### [Work to complete]
Reproduce every entry exactly as written.

*** Block opens ***

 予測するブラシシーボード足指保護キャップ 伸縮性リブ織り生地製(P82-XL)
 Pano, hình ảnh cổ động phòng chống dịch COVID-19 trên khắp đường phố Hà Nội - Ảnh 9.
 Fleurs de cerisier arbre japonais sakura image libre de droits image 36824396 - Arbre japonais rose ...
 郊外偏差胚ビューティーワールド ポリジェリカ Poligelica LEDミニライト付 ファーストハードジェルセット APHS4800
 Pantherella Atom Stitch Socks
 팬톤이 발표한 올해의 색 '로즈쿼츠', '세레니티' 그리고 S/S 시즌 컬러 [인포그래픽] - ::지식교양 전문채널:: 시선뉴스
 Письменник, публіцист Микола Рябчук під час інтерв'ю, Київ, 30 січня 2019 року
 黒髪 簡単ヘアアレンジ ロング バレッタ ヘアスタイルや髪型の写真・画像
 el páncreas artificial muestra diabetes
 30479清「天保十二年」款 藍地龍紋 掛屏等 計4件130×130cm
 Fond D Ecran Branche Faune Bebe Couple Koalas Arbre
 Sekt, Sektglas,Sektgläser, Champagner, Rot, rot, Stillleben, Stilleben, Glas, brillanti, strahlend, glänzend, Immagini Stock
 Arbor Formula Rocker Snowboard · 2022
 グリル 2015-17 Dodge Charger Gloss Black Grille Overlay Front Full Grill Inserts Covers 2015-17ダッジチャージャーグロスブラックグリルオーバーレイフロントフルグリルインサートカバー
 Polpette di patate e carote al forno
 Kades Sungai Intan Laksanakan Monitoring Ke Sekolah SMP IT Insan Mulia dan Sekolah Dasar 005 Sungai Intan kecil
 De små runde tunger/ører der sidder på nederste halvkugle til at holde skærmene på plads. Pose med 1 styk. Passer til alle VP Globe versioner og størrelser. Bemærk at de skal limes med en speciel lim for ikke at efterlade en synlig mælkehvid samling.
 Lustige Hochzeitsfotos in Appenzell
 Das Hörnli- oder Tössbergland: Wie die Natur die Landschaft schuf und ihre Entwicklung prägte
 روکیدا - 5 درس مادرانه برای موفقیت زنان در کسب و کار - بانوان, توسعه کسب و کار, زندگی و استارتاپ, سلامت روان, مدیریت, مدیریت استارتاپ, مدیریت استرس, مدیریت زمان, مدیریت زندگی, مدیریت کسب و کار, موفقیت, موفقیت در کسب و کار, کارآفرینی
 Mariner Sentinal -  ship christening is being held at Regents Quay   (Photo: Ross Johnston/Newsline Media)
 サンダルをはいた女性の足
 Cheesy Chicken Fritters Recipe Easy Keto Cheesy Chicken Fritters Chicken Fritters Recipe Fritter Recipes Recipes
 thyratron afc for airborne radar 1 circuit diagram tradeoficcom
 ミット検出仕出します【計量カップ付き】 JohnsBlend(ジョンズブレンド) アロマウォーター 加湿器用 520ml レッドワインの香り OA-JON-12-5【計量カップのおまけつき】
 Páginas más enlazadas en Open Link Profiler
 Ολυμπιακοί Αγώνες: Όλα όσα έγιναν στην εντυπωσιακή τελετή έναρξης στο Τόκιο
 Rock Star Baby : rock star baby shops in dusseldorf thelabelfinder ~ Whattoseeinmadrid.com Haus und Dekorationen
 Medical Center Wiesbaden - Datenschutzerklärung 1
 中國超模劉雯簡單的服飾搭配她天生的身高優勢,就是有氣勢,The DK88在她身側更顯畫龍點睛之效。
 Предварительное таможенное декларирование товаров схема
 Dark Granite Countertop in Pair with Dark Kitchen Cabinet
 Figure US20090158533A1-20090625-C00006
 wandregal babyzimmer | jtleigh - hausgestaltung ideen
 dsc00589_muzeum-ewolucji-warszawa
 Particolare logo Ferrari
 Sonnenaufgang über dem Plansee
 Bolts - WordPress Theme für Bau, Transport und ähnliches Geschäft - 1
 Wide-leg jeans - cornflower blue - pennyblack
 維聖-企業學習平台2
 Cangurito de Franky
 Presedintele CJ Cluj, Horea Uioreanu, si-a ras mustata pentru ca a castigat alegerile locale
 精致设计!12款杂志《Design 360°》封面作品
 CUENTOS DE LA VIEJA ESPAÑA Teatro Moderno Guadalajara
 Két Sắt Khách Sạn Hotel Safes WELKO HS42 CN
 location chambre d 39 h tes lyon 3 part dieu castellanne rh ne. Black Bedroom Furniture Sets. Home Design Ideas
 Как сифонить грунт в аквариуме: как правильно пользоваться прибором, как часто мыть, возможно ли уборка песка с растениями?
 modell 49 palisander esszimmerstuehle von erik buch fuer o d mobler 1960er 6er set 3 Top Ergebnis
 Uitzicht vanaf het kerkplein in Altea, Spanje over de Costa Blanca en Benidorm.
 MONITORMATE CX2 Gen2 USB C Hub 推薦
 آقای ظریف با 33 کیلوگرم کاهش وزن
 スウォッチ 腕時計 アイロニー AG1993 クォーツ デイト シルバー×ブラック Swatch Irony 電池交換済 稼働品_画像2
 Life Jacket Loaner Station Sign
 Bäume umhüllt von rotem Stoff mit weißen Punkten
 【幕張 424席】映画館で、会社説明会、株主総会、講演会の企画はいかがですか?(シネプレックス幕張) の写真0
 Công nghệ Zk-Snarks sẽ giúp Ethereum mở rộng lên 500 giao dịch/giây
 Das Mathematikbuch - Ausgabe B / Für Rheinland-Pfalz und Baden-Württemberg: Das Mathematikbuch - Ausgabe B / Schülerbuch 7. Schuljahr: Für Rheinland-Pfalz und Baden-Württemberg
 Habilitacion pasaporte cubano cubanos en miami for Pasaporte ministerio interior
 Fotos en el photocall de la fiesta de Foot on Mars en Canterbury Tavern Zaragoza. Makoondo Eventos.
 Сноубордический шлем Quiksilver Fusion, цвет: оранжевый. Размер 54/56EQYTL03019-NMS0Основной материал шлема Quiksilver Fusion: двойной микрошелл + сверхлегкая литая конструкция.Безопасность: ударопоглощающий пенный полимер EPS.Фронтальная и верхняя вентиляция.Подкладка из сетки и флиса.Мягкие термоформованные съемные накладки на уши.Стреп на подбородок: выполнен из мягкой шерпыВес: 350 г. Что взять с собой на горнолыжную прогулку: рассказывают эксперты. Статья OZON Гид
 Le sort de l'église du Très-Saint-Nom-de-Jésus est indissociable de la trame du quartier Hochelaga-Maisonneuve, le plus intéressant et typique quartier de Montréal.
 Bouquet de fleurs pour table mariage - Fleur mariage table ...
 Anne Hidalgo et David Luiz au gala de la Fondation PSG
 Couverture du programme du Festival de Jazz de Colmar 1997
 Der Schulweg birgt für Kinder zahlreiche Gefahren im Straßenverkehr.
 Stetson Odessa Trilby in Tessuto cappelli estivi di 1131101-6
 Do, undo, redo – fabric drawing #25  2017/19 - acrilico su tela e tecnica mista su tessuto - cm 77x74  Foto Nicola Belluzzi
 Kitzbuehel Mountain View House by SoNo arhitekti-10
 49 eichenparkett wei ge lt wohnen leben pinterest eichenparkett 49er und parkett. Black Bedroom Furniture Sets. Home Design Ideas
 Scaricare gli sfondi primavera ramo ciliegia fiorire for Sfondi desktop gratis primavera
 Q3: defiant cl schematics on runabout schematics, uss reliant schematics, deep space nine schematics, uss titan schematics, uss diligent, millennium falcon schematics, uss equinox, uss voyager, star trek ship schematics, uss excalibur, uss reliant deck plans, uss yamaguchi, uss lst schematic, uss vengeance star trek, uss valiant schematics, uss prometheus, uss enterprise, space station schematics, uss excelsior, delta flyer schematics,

*** Block closes ***

### [Output for this exercise]
 予測するブラシシーボード足指保護キャップ 伸縮性リブ織り生地製(P82-XL)
 Pano, hình ảnh cổ động phòng chống dịch COVID-19 trên khắp đường phố Hà Nội - Ảnh 9.
 Fleurs de cerisier arbre japonais sakura image libre de droits image 36824396 - Arbre japonais rose ...
 郊外偏差胚ビューティーワールド ポリジェリカ Poligelica LEDミニライト付 ファーストハードジェルセット APHS4800
 Pantherella Atom Stitch Socks
 팬톤이 발표한 올해의 색 '로즈쿼츠', '세레니티' 그리고 S/S 시즌 컬러 [인포그래픽] - ::지식교양 전문채널:: 시선뉴스
 Письменник, публіцист Микола Рябчук під час інтерв'ю, Київ, 30 січня 2019 року
 黒髪 簡単ヘアアレンジ ロング バレッタ ヘアスタイルや髪型の写真・画像
 el páncreas artificial muestra diabetes
 30479清「天保十二年」款 藍地龍紋 掛屏等 計4件130×130cm
 Fond D Ecran Branche Faune Bebe Couple Koalas Arbre
 Sekt, Sektglas,Sektgläser, Champagner, Rot, rot, Stillleben, Stilleben, Glas, brillanti, strahlend, glänzend, Immagini Stock
 Arbor Formula Rocker Snowboard · 2022
 グリル 2015-17 Dodge Charger Gloss Black Grille Overlay Front Full Grill Inserts Covers 2015-17ダッジチャージャーグロスブラックグリルオーバーレイフロントフルグリルインサートカバー
 Polpette di patate e carote al forno
 Kades Sungai Intan Laksanakan Monitoring Ke Sekolah SMP IT Insan Mulia dan Sekolah Dasar 005 Sungai Intan kecil
 De små runde tunger/ører der sidder på nederste halvkugle til at holde skærmene på plads. Pose med 1 styk. Passer til alle VP Globe versioner og størrelser. Bemærk at de skal limes med en speciel lim for ikke at efterlade en synlig mælkehvid samling.
 Lustige Hochzeitsfotos in Appenzell
 Das Hörnli- oder Tössbergland: Wie die Natur die Landschaft schuf und ihre Entwicklung prägte
 روکیدا - 5 درس مادرانه برای موفقیت زنان در کسب و کار - بانوان, توسعه کسب و کار, زندگی و استارتاپ, سلامت روان, مدیریت, مدیریت استارتاپ, مدیریت استرس, مدیریت زمان, مدیریت زندگی, مدیریت کسب و کار, موفقیت, موفقیت در کسب و کار, کارآفرینی
 Mariner Sentinal -  ship christening is being held at Regents Quay   (Photo: Ross Johnston/Newsline Media)
 サンダルをはいた女性の足
 Cheesy Chicken Fritters Recipe Easy Keto Cheesy Chicken Fritters Chicken Fritters Recipe Fritter Recipes Recipes
 thyratron afc for airborne radar 1 circuit diagram tradeoficcom
 ミット検出仕出します【計量カップ付き】 JohnsBlend(ジョンズブレンド) アロマウォーター 加湿器用 520ml レッドワインの香り OA-JON-12-5【計量カップのおまけつき】
 Páginas más enlazadas en Open Link Profiler
 Ολυμπιακοί Αγώνες: Όλα όσα έγιναν στην εντυπωσιακή τελετή έναρξης στο Τόκιο
 Rock Star Baby : rock star baby shops in dusseldorf thelabelfinder ~ Whattoseeinmadrid.com Haus und Dekorationen
 Medical Center Wiesbaden - Datenschutzerklärung 1
 中國超模劉雯簡單的服飾搭配她天生的身高優勢,就是有氣勢,The DK88在她身側更顯畫龍點睛之效。
 Предварительное таможенное декларирование товаров схема
 Dark Granite Countertop in Pair with Dark Kitchen Cabinet
 Figure US20090158533A1-20090625-C00006
 wandregal babyzimmer | jtleigh - hausgestaltung ideen
 dsc00589_muzeum-ewolucji-warszawa
 Particolare logo Ferrari
 Sonnenaufgang über dem Plansee
 Bolts - WordPress Theme für Bau, Transport und ähnliches Geschäft - 1
 Wide-leg jeans - cornflower blue - pennyblack
 維聖-企業學習平台2
 Cangurito de Franky
 Presedintele CJ Cluj, Horea Uioreanu, si-a ras mustata pentru ca a castigat alegerile locale
 精致设计!12款杂志《Design 360°》封面作品
 CUENTOS DE LA VIEJA ESPAÑA Teatro Moderno Guadalajara
 Két Sắt Khách Sạn Hotel Safes WELKO HS42 CN
 location chambre d 39 h tes lyon 3 part dieu castellanne rh ne. Black Bedroom Furniture Sets. Home Design Ideas
 Как сифонить грунт в аквариуме: как правильно пользоваться прибором, как часто мыть, возможно ли уборка песка с растениями?
 modell 49 palisander esszimmerstuehle von erik buch fuer o d mobler 1960er 6er set 3 Top Ergebnis
 Uitzicht vanaf het kerkplein in Altea, Spanje over de Costa Blanca en Benidorm.
 MONITORMATE CX2 Gen2 USB C Hub 推薦
 آقای ظریف با 33 کیلوگرم کاهش وزن
 スウォッチ 腕時計 アイロニー AG1993 クォーツ デイト シルバー×ブラック Swatch Irony 電池交換済 稼働品_画像2
 Life Jacket Loaner Station Sign
 Bäume umhüllt von rotem Stoff mit weißen Punkten
 【幕張 424席】映画館で、会社説明会、株主総会、講演会の企画はいかがですか?(シネプレックス幕張) の写真0
 Công nghệ Zk-Snarks sẽ giúp Ethereum mở rộng lên 500 giao dịch/giây
 Das Mathematikbuch - Ausgabe B / Für Rheinland-Pfalz und Baden-Württemberg: Das Mathematikbuch - Ausgabe B / Schülerbuch 7. Schuljahr: Für Rheinland-Pfalz und Baden-Württemberg
 Habilitacion pasaporte cubano cubanos en miami for Pasaporte ministerio interior
 Fotos en el photocall de la fiesta de Foot on Mars en Canterbury Tavern Zaragoza. Makoondo Eventos.
 Сноубордический шлем Quiksilver Fusion, цвет: оранжевый. Размер 54/56EQYTL03019-NMS0Основной материал шлема Quiksilver Fusion: двойной микрошелл + сверхлегкая литая конструкция.Безопасность: ударопоглощающий пенный полимер EPS.Фронтальная и верхняя вентиляция.Подкладка из сетки и флиса.Мягкие термоформованные съемные накладки на уши.Стреп на подбородок: выполнен из мягкой шерпыВес: 350 г. Что взять с собой на горнолыжную прогулку: рассказывают эксперты. Статья OZON Гид
 Le sort de l'église du Très-Saint-Nom-de-Jésus est indissociable de la trame du quartier Hochelaga-Maisonneuve, le plus intéressant et typique quartier de Montréal.
 Bouquet de fleurs pour table mariage - Fleur mariage table ...
 Anne Hidalgo et David Luiz au gala de la Fondation PSG
 Couverture du programme du Festival de Jazz de Colmar 1997
 Der Schulweg birgt für Kinder zahlreiche Gefahren im Straßenverkehr.
 Stetson Odessa Trilby in Tessuto cappelli estivi di 1131101-6
 Do, undo, redo – fabric drawing #25  2017/19 - acrilico su tela e tecnica mista su tessuto - cm 77x74  Foto Nicola Belluzzi
 Kitzbuehel Mountain View House by SoNo arhitekti-10
 49 eichenparkett wei ge lt wohnen leben pinterest eichenparkett 49er und parkett. Black Bedroom Furniture Sets. Home Design Ideas
 Scaricare gli sfondi primavera ramo ciliegia fiorire for Sfondi desktop gratis primavera
 Q3: defiant cl schematics on runabout schematics, uss reliant schematics, deep space nine schematics, uss titan schematics, uss diligent, millennium falcon schematics, uss equinox, uss voyager, star trek ship schematics, uss excalibur, uss reliant deck plans, uss yamaguchi, uss lst schematic, uss vengeance star trek, uss valiant schematics, uss prometheus, uss enterprise, space station schematics, uss excelsior, delta flyer schematics,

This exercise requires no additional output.